Section 483 of the Internal Revenue Code, before it was amended in 1984, provided that if the first installment of the price for a purchase was not due for more than six months, the purchaser could pretend that he had borrowed the amount of the installment from the seller and could compute — and when he finally paid the installment, deduct from his taxable income — the portion of the installment that represented'implicit interest on the “loan.” The method of calculating this implicit interest was extremely favorable to the taxpayer. The taxpayers in this case took such an interest deduction, but were assessed a deficiency on the ground that the sale had occurred when the first installment was due (and paid) rather than, as they had believed, more than six months earlier. The Tax Court agreed with the Internal Revenue Service. 63 T.C.M. (CCH) 2959, 1992 WL 95656 (1992).
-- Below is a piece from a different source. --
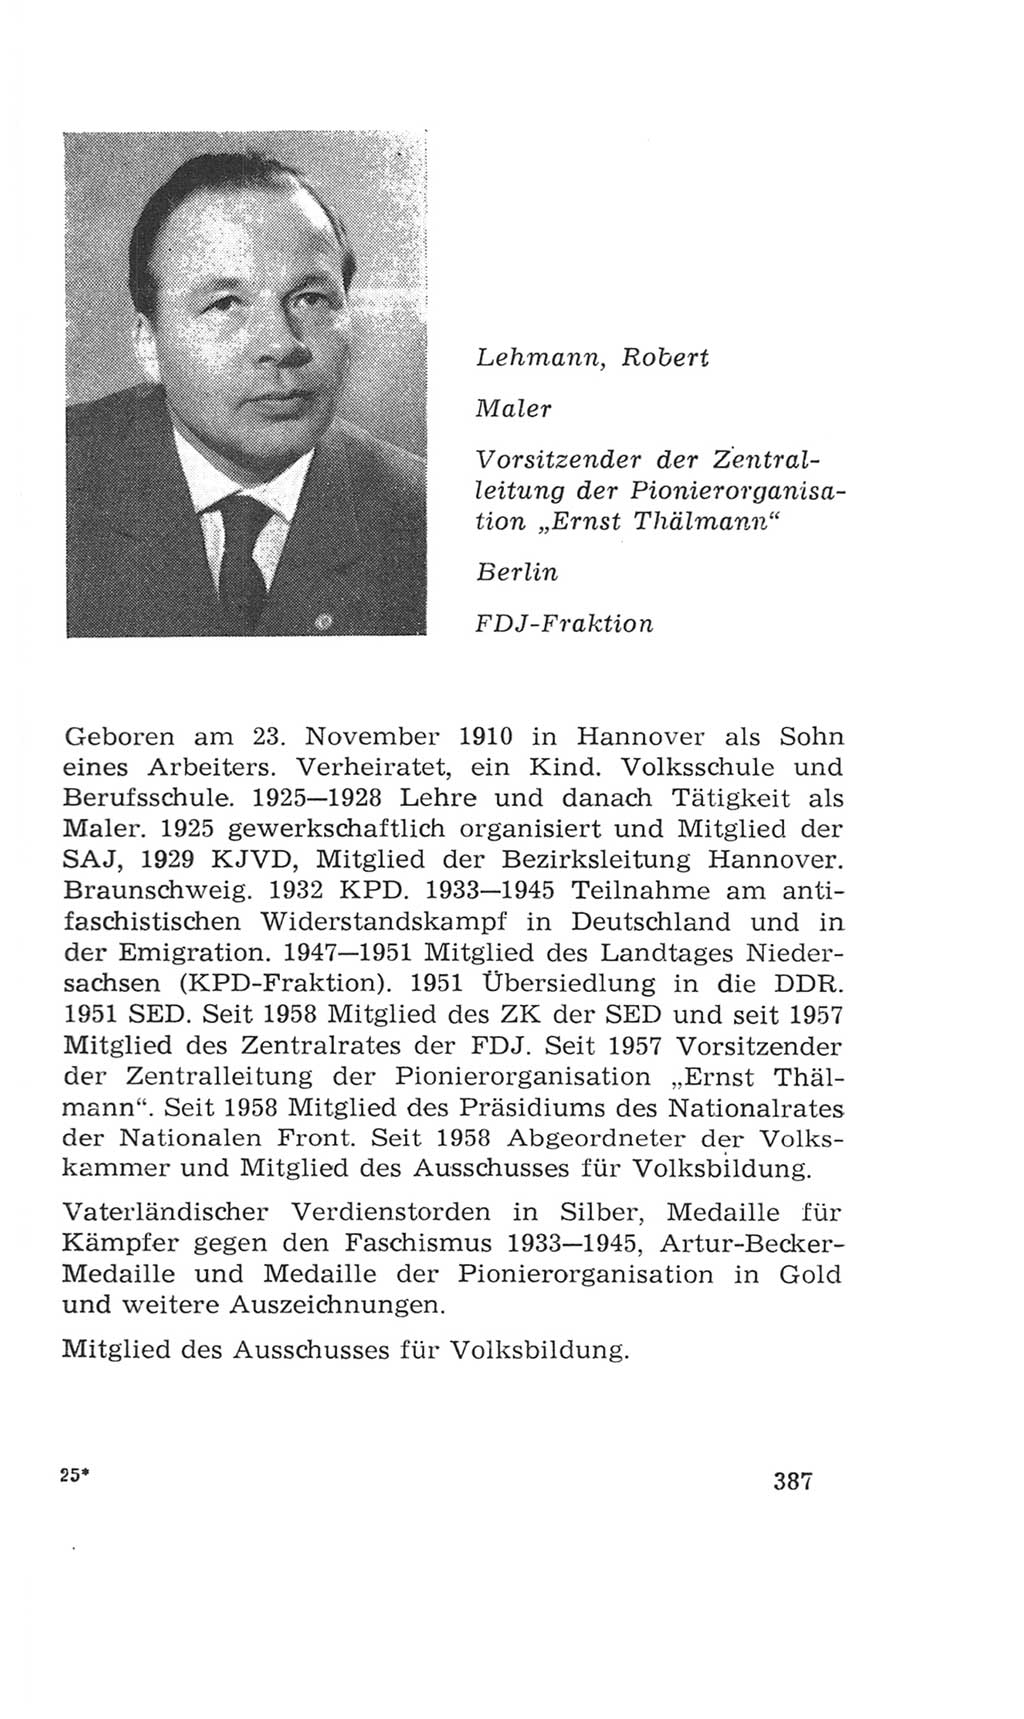 Volkskammer (VK) der Deutschen Demokratischen Republik (DDR), 4. Wahlperiode 1963-1967, Seite 387 (VK. DDR 4. WP. 1963-1967, S. 387)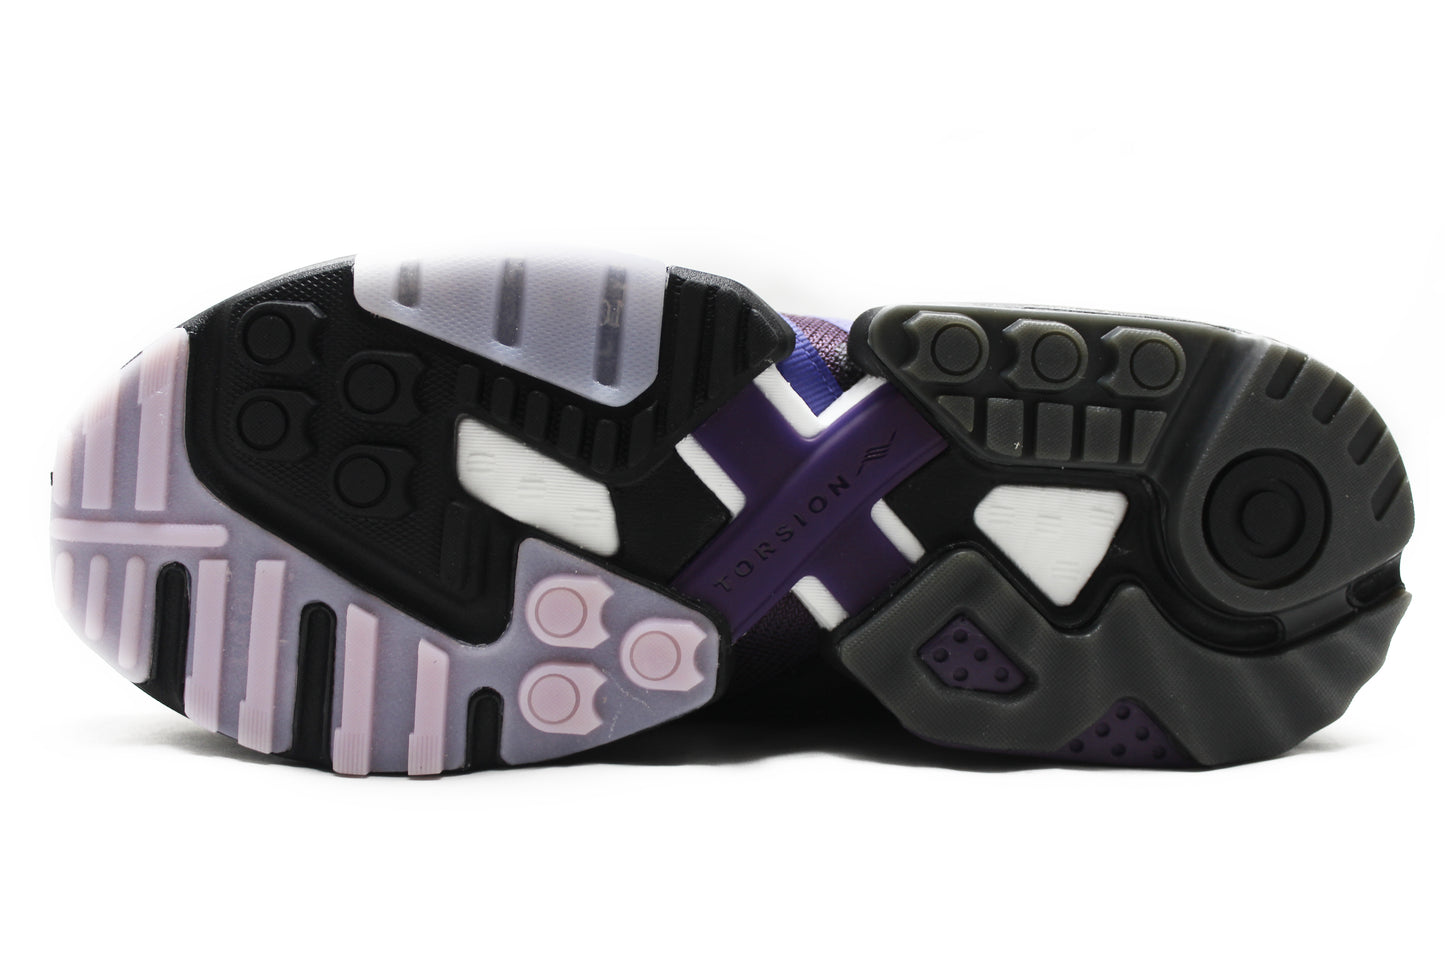 Packer Shoes x Adidas ZX Torsion "Mega Violet"

The taxpayers argue that the Tax Court was precluded by either the doctrine of res judicata or (somewhat more plausibly) the doctrine of law of the case from disallowing the deduction. The case had initially been assigned to a judge of the Tax Court, who granted partial summary judgment for the taxpayers, 94 T.C. 464, 1990 WL 29267 (1990), implicitly (the taxpayers argue) resolving the main issue in this case — the applicability of section 483 — -in their favor. The case was later reassigned to another judge, who reached the opposite conclusion. If the same judge had handled the case throughout, the law of the case doctrine would not have prevented him from reversing himself, Johnson v. Burken, 930 F.2d 1202, 1207 (7th Cir.1991); Peterson v. Lindner, 765 F.2d 698, 704 (7th Cir.1985); Dictograph Products Co. v. Sonotone Corp., 230 F.2d 131, 134 (2d Cir.1956) (L. Hand, J.), unless the time for reconsideration had expired. Johnson v. Burken, supra, 930 F.2d at 1207. This is an important qualification, though inapplicable here. If a final judgment had been entered, the ease appealed, the judgment reversed, and the case remanded, the trial judge would be required to adhere on remand to the rulings that he had made before the case was first appealed, provided of course that they had not been set aside by the appellate court. Williamsburg Wax Museum, Inc. v. Historic Figures, Inc., 810 F.2d 243, 250 (D.C.Cir.1987); cf. General Tire & Rubber Co. v. Firestone Tire & Rubber Co., 489 F.2d 1105, 1124 (6th Cir.1973); Dillard v. Chesapeake & Ohio Ry., 136 F.Supp. 689, 691 (S.D.W.Va.1955). Even more clearly would he be required — this is the most elementary application of the doctrine of law of the case — to comply with the rulings of the appellate .court. Johnson v. Burken, supra, 930 F.2d at 1207.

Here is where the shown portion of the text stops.